# Step 1: Data Preprocessing
### Importing the libraries

In [1]:
import pandas as pd
import numpy as np

### Importing the dataset

In [2]:
dataset = pd.read_csv('../datasets/50_Startups.csv')
# 这行代码选择了 dataset 中的所有行（:）和除最后一列之外的所有列（:-1），并将其存储在变量 X 中。
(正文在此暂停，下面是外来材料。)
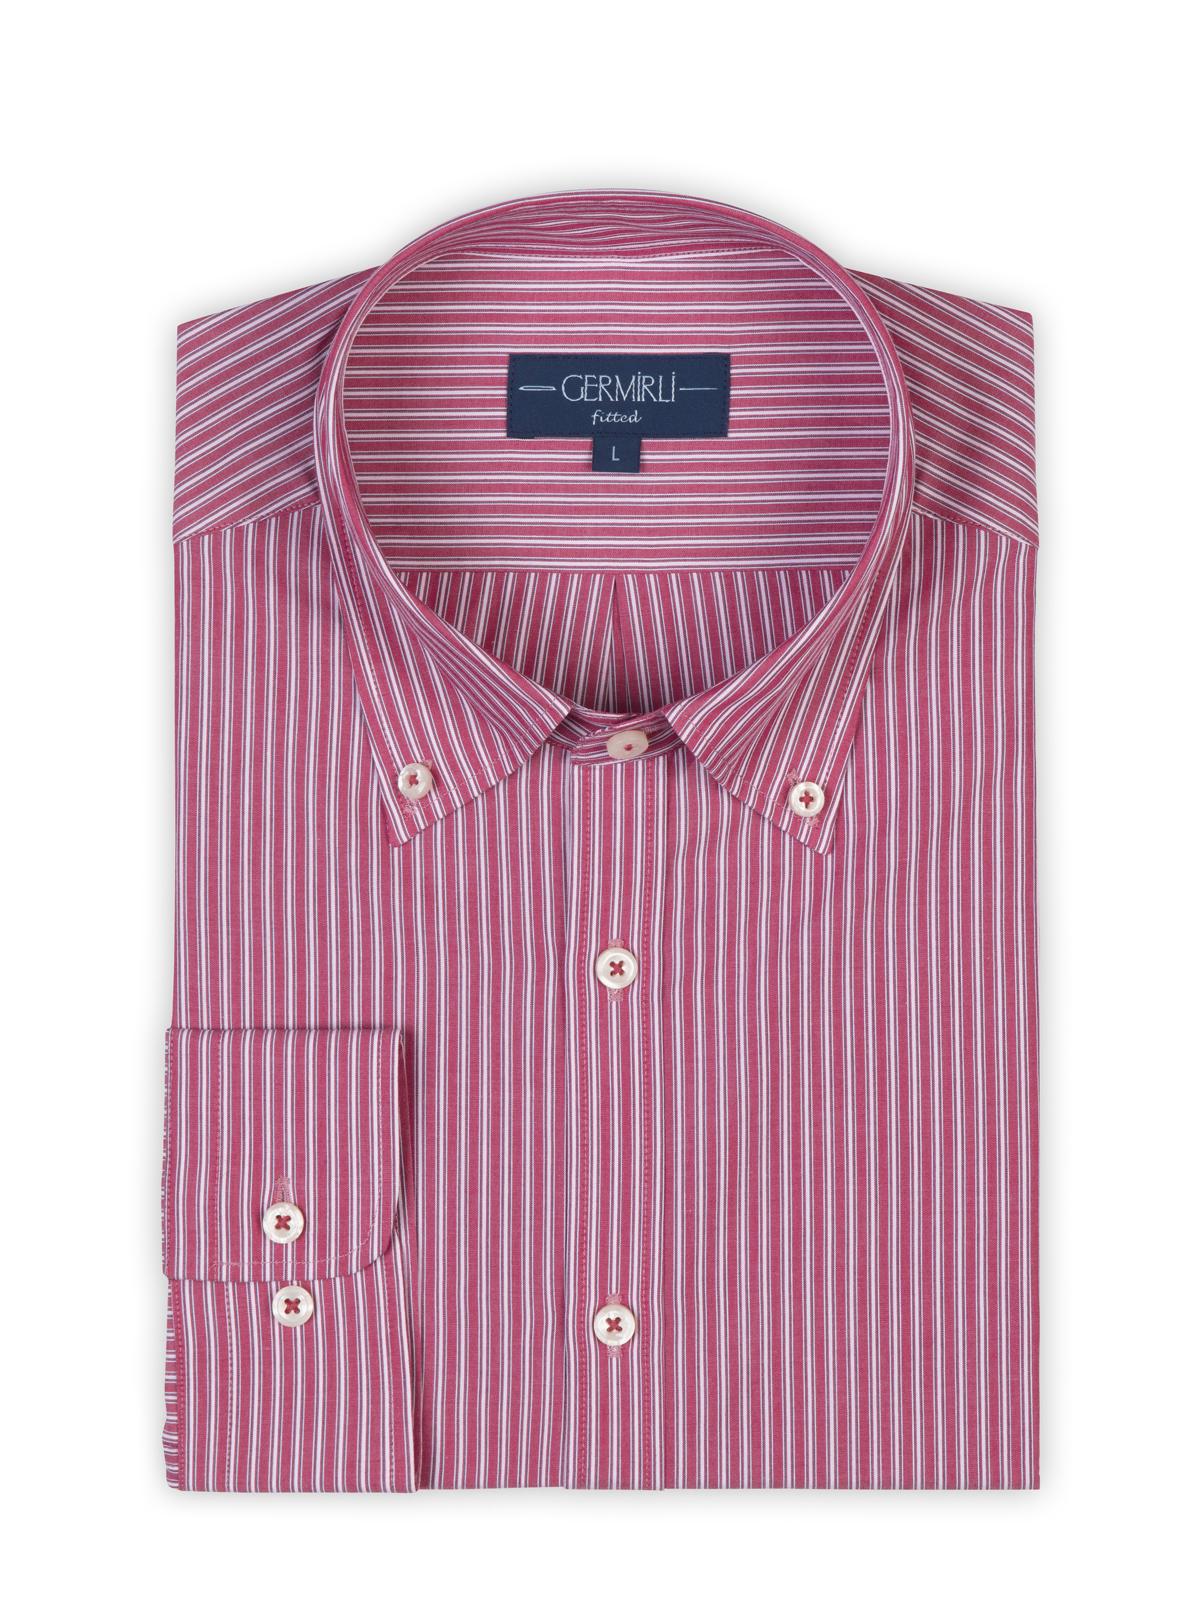 Germirli Kırmızı Çizgili Düğmeli Yaka Tailor Fit Gömlek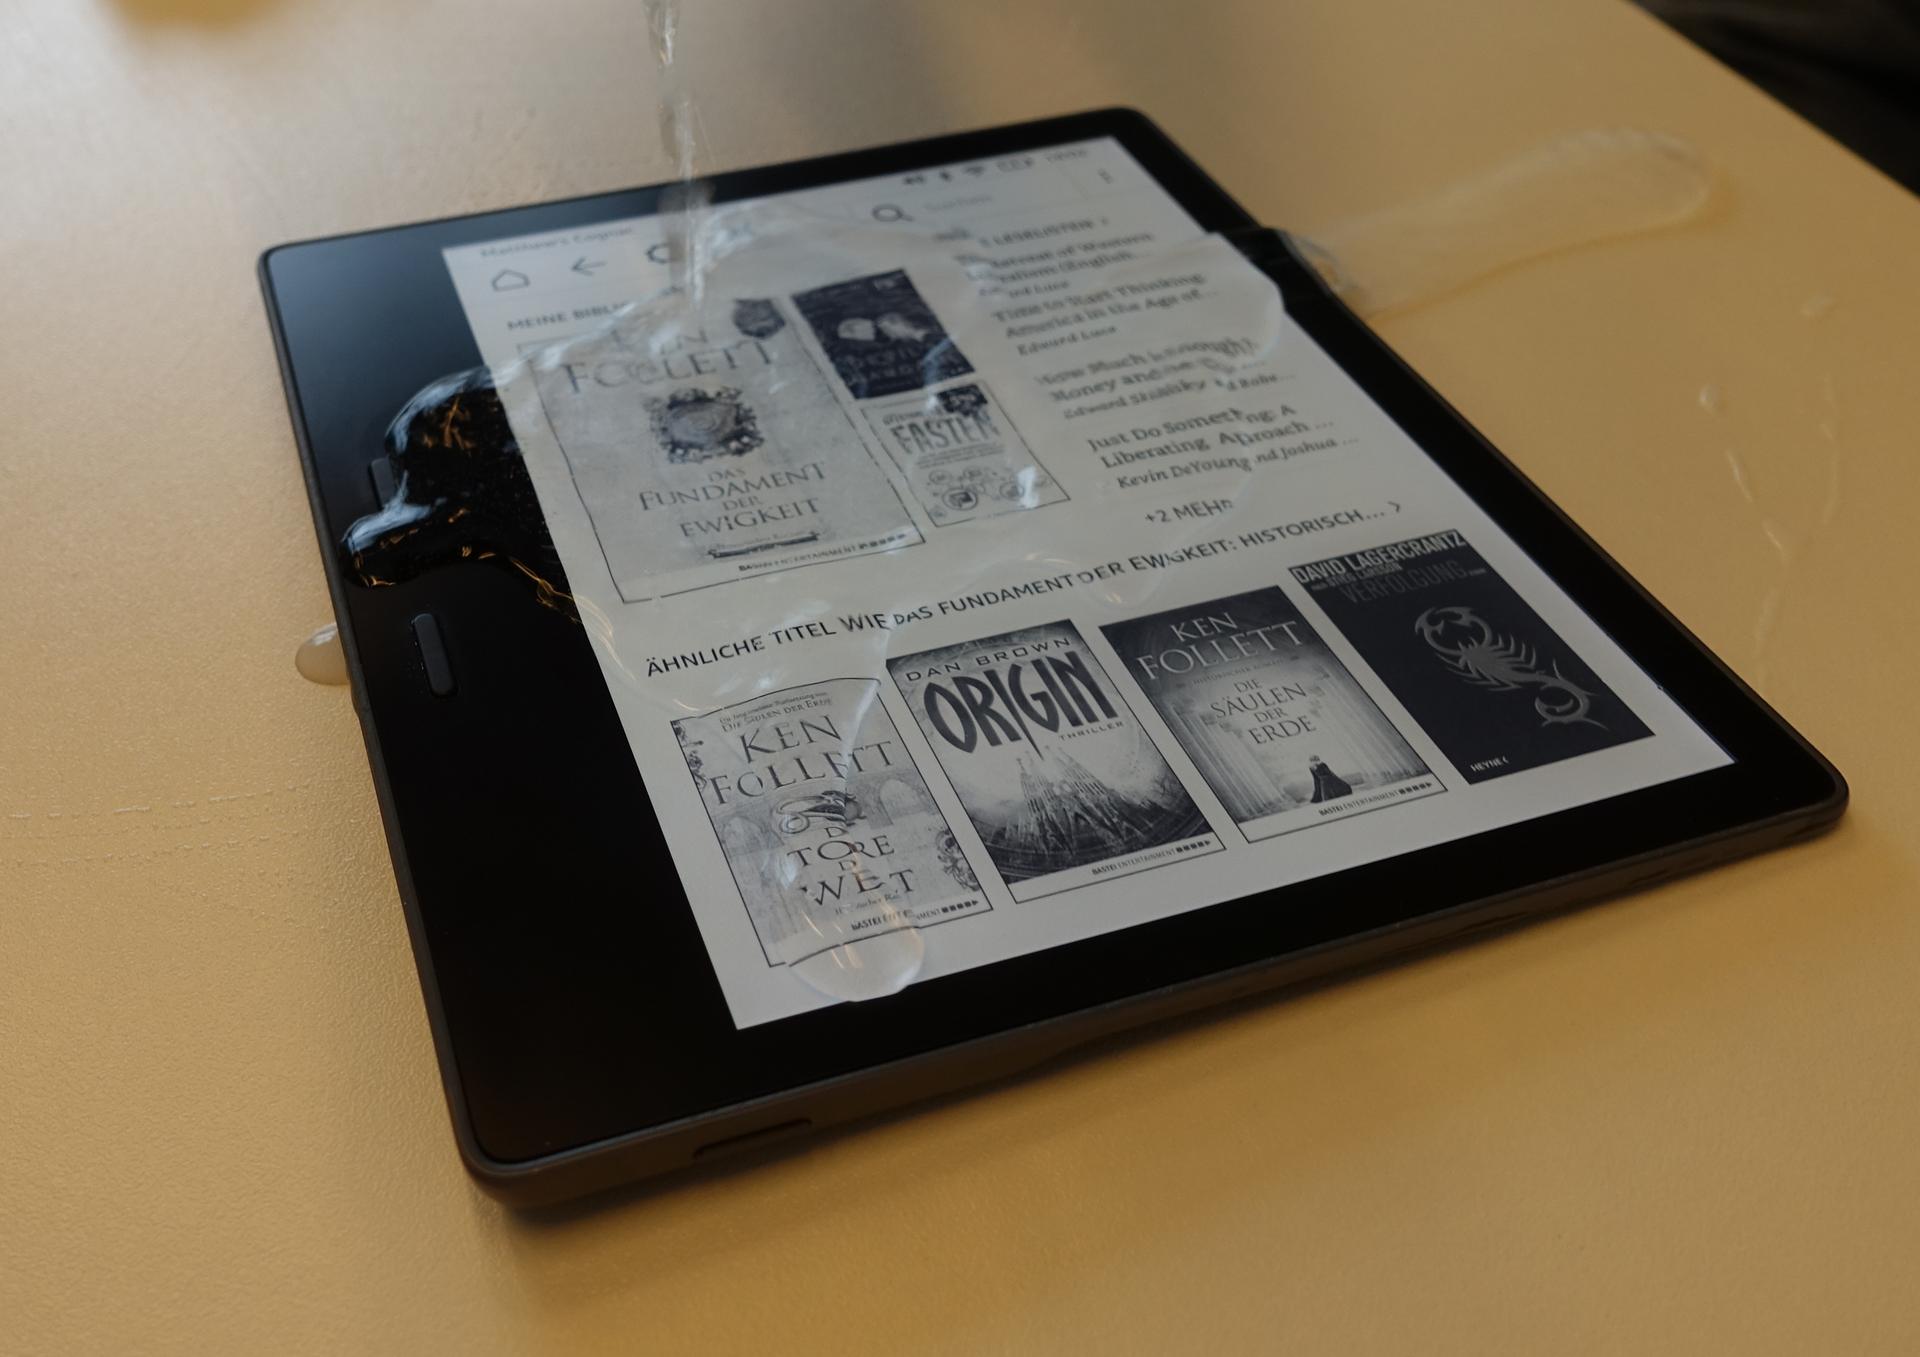 Neuer Kindle Oasis im Hands on: Amazons großer E-Book-Reader ist wasserdicht - Der neue Kindle Oasis ist wasserdicht. (Bild: Ingo Pakalski/Golem.de)

这表示 X 包含了数据集的特征数据，而最后一列则被排除在外。
X = dataset.iloc[:,:-1].values
Y = dataset.iloc[:,4].values

### Encoding Categorical data

R&D Spend,Administration,Marketing Spend,State,Profit
165349.2,136897.8,471784.1,New York,192261.83
162597.7,151377.59,443898.53,California,191792.06
153441.51,101145.55,407934.54,Florida,191050.39
144372.41,118671.85,383199.62,New York,182901.99
142107.34,91391.77,366168.42,Florida,166187.94

根据提供的数据集，经过标签编码和独热编码的过程后，数据集 X 的变化如下：
+-----+--------------+----------------+------------------+-------+-----------------------+
|     | R&D Spend    | Administration | Marketing Spend  | State | Profit                |
+-----+--------------+----------------+------------------+-------+-----------------------+
| 0   | 165349.2     | 136897.8       | 471784.1         | 2     | 192261.83             |
| 1   | 162597.7     | 151377.59      | 443898.53        | 0     | 191792.06             |
| 2   | 153441.51    | 101145.55      | 407934.54        | 1     | 191050.39             |
| 3   | 144372.41    | 118671.85      | 383199.62        | 2     | 182901.99             |
| 4   | 142107.34    | 91391.77       | 366168.42        | 1     | 166187.94             |
+-----+--------------+----------------+------------------+-------+-----------------------+
其中，"State" 列经过标签编码后被转换为整数标签：

New York 转换为 2
California 转换为 0
Florida 转换为 1
然后，针对 "State" 列进行独热编码，将其转换为三个新的二进制特征列：

"State_New York"：[1, 0, 0]
"State_California"：[0, 1, 0]
"State_Florida"：[0, 0, 1]
X = [[0.0, 0.0, 1.0, 165349.2, 136897.8, 471784.1, 192261.83],
     [1.0, 0.0, 0.0, 162597.7, 151377.59, 443898.53, 191792.06],
     [0.0, 1.0, 0.0, 153441.51, 101145.55, 407934.54, 191050.39],
     [0.0, 0.0, 1.0, 144372.41, 118671.85, 383199.62, 182901.99],
     [0.0, 1.0, 0.0, 142107.34, 91391.77, 366168.42, 166187.94]]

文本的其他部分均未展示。